Sánchez Brea María Luisa, Barreira Rodríguez Noelia, Mosquera González Antonio, Evans Katharine, Pena-Verdeal Hugo
VARPA Group, Department of Computer Science, University of A Coruna, A Coruna, Spain.
Artificial Vision Group, Department of Electronics and Computer Science, University of Santiago de Compostela, Santiago de Compostela, Spain.
Comput Math Methods Med. 2016;2016:3695014. doi: 10.1155/2016/3695014. Epub 2016 Dec 19.

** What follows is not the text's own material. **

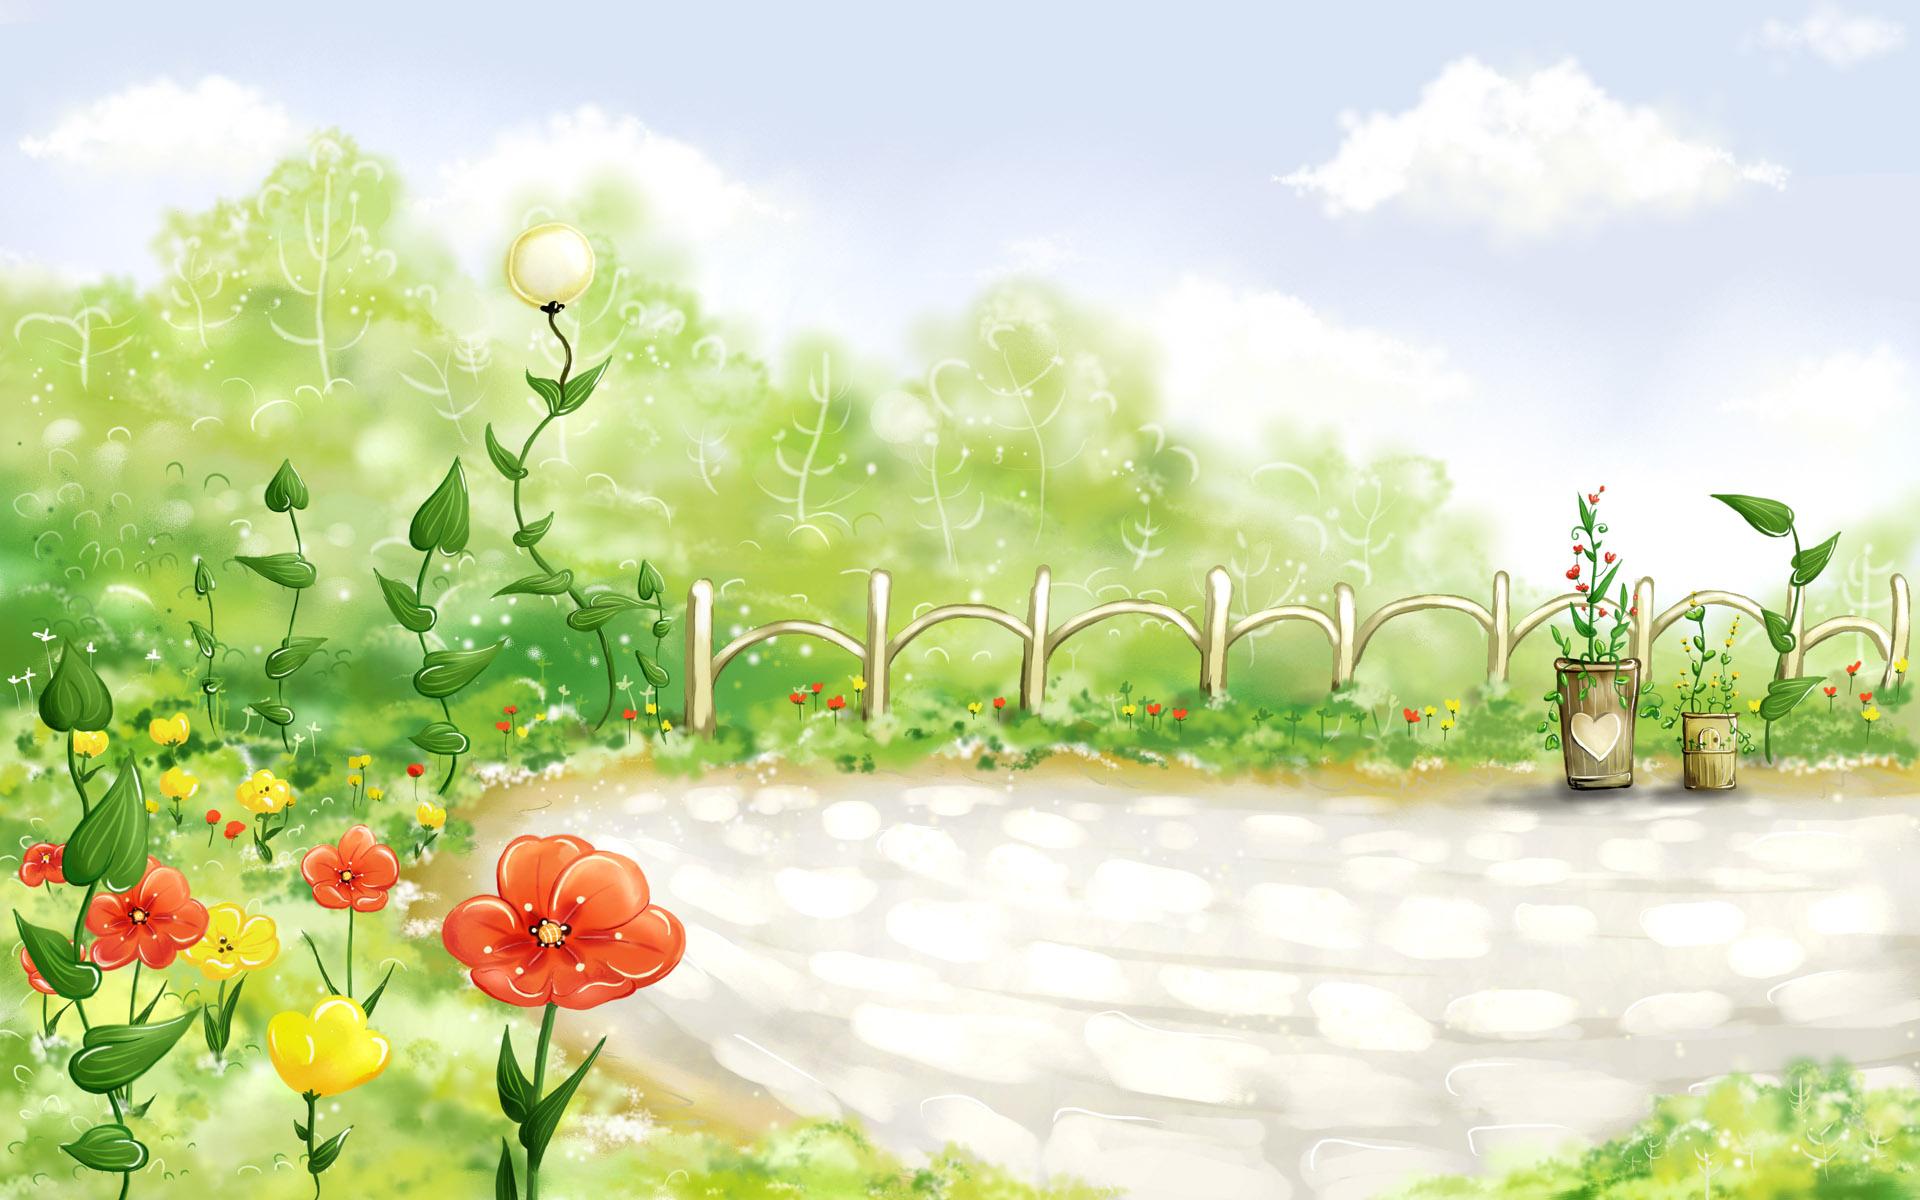 Сказочная картинка луга

Conjunctival hyperemia or conjunctival redness is a symptom that can be associated with a broad group of ocular diseases. Its levels of severity are represented by standard photographic charts that are visually compared with the patient's eye. This way, the hyperemia diagnosis becomes a nonrepeatable task that depends on the experience of the grader. To solve this problem, we have proposed a computer-aided methodology that comprises three main stages: the segmentation of the conjunctiva, the extraction of features in this region based on colour and the presence of blood vessels, and, finally, the transformation of these features into grading scale values by means of regression techniques. However, the conjunctival segmentation can be slightly inaccurate mainly due to illumination issues. In this work, we analyse the relevance of different features with respect to their location within the conjunctiva in order to delimit a reliable region of interest for the grading. The results show that the automatic procedure behaves like an expert using only a limited region of interest within the conjunctiva.
结膜充血或结膜发红是一种可与多种眼部疾病相关的症状。其严重程度通过标准摄影图表来表示,这些图表通过视觉与患者的眼睛进行比较。这样,充血诊断就成为一项依赖于分级者经验的不可重复的任务。为了解决这个问题,我们提出了一种计算机辅助方法,该方法包括三个主要阶段:结膜分割、基于颜色和血管存在情况在该区域提取特征,以及最后通过回归技术将这些特征转换为分级量表值。然而,结膜分割可能会稍有不准确,主要是由于光照问题。在这项工作中,我们分析了不同特征相对于它们在结膜内位置的相关性,以便为分级划定一个可靠的感兴趣区域。结果表明,自动程序仅使用结膜内有限的感兴趣区域就能像专家一样发挥作用。